▶ PROVIDED DATA
______________________________
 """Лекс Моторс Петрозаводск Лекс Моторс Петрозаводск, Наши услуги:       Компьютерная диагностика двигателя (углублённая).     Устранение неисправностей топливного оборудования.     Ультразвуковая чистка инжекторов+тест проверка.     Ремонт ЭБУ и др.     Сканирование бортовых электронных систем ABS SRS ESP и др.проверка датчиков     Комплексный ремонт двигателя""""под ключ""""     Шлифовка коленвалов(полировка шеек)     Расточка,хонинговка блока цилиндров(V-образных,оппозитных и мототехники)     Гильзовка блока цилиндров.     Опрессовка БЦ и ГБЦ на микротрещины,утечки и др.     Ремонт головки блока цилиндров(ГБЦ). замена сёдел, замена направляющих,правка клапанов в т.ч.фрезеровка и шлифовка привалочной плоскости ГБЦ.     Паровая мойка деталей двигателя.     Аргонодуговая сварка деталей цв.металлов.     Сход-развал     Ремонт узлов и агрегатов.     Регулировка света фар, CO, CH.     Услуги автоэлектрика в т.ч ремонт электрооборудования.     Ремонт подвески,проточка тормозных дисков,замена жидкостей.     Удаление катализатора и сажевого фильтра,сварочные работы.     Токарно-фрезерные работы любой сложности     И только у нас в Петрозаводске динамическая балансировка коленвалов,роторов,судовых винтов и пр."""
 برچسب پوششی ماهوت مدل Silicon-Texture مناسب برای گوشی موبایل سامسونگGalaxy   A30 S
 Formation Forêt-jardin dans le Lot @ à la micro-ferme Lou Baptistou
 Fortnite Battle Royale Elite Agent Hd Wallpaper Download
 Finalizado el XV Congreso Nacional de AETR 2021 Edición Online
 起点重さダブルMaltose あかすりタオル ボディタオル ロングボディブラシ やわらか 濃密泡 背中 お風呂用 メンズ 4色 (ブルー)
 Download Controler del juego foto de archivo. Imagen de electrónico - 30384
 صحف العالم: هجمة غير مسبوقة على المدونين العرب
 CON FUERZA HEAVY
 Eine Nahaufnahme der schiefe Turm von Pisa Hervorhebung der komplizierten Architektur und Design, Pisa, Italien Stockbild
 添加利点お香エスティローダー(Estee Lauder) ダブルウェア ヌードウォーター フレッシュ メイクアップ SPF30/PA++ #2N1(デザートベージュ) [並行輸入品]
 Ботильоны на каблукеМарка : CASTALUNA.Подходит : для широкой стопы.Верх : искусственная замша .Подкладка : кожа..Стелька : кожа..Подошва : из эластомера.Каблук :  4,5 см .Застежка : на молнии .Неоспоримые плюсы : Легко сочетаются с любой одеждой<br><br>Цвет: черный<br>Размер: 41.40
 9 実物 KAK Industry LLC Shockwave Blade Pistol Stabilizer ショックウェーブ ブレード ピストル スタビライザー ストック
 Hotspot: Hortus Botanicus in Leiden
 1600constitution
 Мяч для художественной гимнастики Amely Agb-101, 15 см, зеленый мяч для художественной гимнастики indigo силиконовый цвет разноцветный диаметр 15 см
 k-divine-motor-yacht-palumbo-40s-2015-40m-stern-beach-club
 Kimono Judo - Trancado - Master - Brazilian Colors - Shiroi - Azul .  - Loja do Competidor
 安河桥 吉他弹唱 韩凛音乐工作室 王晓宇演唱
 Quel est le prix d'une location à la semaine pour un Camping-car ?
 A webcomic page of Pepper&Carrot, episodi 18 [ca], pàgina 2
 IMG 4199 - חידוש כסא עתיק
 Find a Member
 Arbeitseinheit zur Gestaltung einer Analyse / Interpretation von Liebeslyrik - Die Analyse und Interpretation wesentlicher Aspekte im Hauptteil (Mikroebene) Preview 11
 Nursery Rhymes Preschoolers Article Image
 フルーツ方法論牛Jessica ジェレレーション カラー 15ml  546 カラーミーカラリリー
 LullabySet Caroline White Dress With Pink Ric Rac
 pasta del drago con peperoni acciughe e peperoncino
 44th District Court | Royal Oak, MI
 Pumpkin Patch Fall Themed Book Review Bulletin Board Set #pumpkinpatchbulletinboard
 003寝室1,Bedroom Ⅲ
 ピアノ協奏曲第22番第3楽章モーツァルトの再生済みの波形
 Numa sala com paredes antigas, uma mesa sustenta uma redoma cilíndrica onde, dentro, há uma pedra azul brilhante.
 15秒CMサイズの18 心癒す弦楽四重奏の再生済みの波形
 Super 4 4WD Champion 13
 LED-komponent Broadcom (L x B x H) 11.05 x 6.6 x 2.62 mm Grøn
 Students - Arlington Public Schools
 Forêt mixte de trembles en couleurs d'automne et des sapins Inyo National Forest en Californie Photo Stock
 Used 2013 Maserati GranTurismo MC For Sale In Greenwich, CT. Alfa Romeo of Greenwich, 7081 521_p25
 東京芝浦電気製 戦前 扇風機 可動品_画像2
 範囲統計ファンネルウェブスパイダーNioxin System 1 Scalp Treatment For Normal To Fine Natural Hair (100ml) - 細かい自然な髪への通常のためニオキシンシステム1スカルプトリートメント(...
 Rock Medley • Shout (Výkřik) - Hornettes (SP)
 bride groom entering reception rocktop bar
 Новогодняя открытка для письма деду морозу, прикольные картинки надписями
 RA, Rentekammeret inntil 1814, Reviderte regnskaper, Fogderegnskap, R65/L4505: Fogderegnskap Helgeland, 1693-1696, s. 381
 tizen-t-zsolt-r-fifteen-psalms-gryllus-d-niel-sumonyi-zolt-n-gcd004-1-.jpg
______________________________
▶ EXERCISE PROMPT
Return the entries in full. Do not alter them.

▶ SOLUTION
 """Лекс Моторс Петрозаводск Лекс Моторс Петрозаводск, Наши услуги:       Компьютерная диагностика двигателя (углублённая).     Устранение неисправностей топливного оборудования.     Ультразвуковая чистка инжекторов+тест проверка.     Ремонт ЭБУ и др.     Сканирование бортовых электронных систем ABS SRS ESP и др.проверка датчиков     Комплексный ремонт двигателя""""под ключ""""     Шлифовка коленвалов(полировка шеек)     Расточка,хонинговка блока цилиндров(V-образных,оппозитных и мототехники)     Гильзовка блока цилиндров.     Опрессовка БЦ и ГБЦ на микротрещины,утечки и др.     Ремонт головки блока цилиндров(ГБЦ). замена сёдел, замена направляющих,правка клапанов в т.ч.фрезеровка и шлифовка привалочной плоскости ГБЦ.     Паровая мойка деталей двигателя.     Аргонодуговая сварка деталей цв.металлов.     Сход-развал     Ремонт узлов и агрегатов.     Регулировка света фар, CO, CH.     Услуги автоэлектрика в т.ч ремонт электрооборудования.     Ремонт подвески,проточка тормозных дисков,замена жидкостей.     Удаление катализатора и сажевого фильтра,сварочные работы.     Токарно-фрезерные работы любой сложности     И только у нас в Петрозаводске динамическая балансировка коленвалов,роторов,судовых винтов и пр."""
 برچسب پوششی ماهوت مدل Silicon-Texture مناسب برای گوشی موبایل سامسونگGalaxy   A30 S
 Formation Forêt-jardin dans le Lot @ à la micro-ferme Lou Baptistou
 Fortnite Battle Royale Elite Agent Hd Wallpaper Download
 Finalizado el XV Congreso Nacional de AETR 2021 Edición Online
 起点重さダブルMaltose あかすりタオル ボディタオル ロングボディブラシ やわらか 濃密泡 背中 お風呂用 メンズ 4色 (ブルー)
 Download Controler del juego foto de archivo. Imagen de electrónico - 30384
 صحف العالم: هجمة غير مسبوقة على المدونين العرب
 CON FUERZA HEAVY
 Eine Nahaufnahme der schiefe Turm von Pisa Hervorhebung der komplizierten Architektur und Design, Pisa, Italien Stockbild
 添加利点お香エスティローダー(Estee Lauder) ダブルウェア ヌードウォーター フレッシュ メイクアップ SPF30/PA++ #2N1(デザートベージュ) [並行輸入品]
 Ботильоны на каблукеМарка : CASTALUNA.Подходит : для широкой стопы.Верх : искусственная замша .Подкладка : кожа..Стелька : кожа..Подошва : из эластомера.Каблук :  4,5 см .Застежка : на молнии .Неоспоримые плюсы : Легко сочетаются с любой одеждой<br><br>Цвет: черный<br>Размер: 41.40
 9 実物 KAK Industry LLC Shockwave Blade Pistol Stabilizer ショックウェーブ ブレード ピストル スタビライザー ストック
 Hotspot: Hortus Botanicus in Leiden
 1600constitution
 Мяч для художественной гимнастики Amely Agb-101, 15 см, зеленый мяч для художественной гимнастики indigo силиконовый цвет разноцветный диаметр 15 см
 k-divine-motor-yacht-palumbo-40s-2015-40m-stern-beach-club
 Kimono Judo - Trancado - Master - Brazilian Colors - Shiroi - Azul .  - Loja do Competidor
 安河桥 吉他弹唱 韩凛音乐工作室 王晓宇演唱
 Quel est le prix d'une location à la semaine pour un Camping-car ?
 A webcomic page of Pepper&Carrot, episodi 18 [ca], pàgina 2
 IMG 4199 - חידוש כסא עתיק
 Find a Member
 Arbeitseinheit zur Gestaltung einer Analyse / Interpretation von Liebeslyrik - Die Analyse und Interpretation wesentlicher Aspekte im Hauptteil (Mikroebene) Preview 11
 Nursery Rhymes Preschoolers Article Image
 フルーツ方法論牛Jessica ジェレレーション カラー 15ml  546 カラーミーカラリリー
 LullabySet Caroline White Dress With Pink Ric Rac
 pasta del drago con peperoni acciughe e peperoncino
 44th District Court | Royal Oak, MI
 Pumpkin Patch Fall Themed Book Review Bulletin Board Set #pumpkinpatchbulletinboard
 003寝室1,Bedroom Ⅲ
 ピアノ協奏曲第22番第3楽章モーツァルトの再生済みの波形
 Numa sala com paredes antigas, uma mesa sustenta uma redoma cilíndrica onde, dentro, há uma pedra azul brilhante.
 15秒CMサイズの18 心癒す弦楽四重奏の再生済みの波形
 Super 4 4WD Champion 13
 LED-komponent Broadcom (L x B x H) 11.05 x 6.6 x 2.62 mm Grøn
 Students - Arlington Public Schools
 Forêt mixte de trembles en couleurs d'automne et des sapins Inyo National Forest en Californie Photo Stock
 Used 2013 Maserati GranTurismo MC For Sale In Greenwich, CT. Alfa Romeo of Greenwich, 7081 521_p25
 東京芝浦電気製 戦前 扇風機 可動品_画像2
 範囲統計ファンネルウェブスパイダーNioxin System 1 Scalp Treatment For Normal To Fine Natural Hair (100ml) - 細かい自然な髪への通常のためニオキシンシステム1スカルプトリートメント(...
 Rock Medley • Shout (Výkřik) - Hornettes (SP)
 bride groom entering reception rocktop bar
 Новогодняя открытка для письма деду морозу, прикольные картинки надписями
 RA, Rentekammeret inntil 1814, Reviderte regnskaper, Fogderegnskap, R65/L4505: Fogderegnskap Helgeland, 1693-1696, s. 381
 tizen-t-zsolt-r-fifteen-psalms-gryllus-d-niel-sumonyi-zolt-n-gcd004-1-.jpg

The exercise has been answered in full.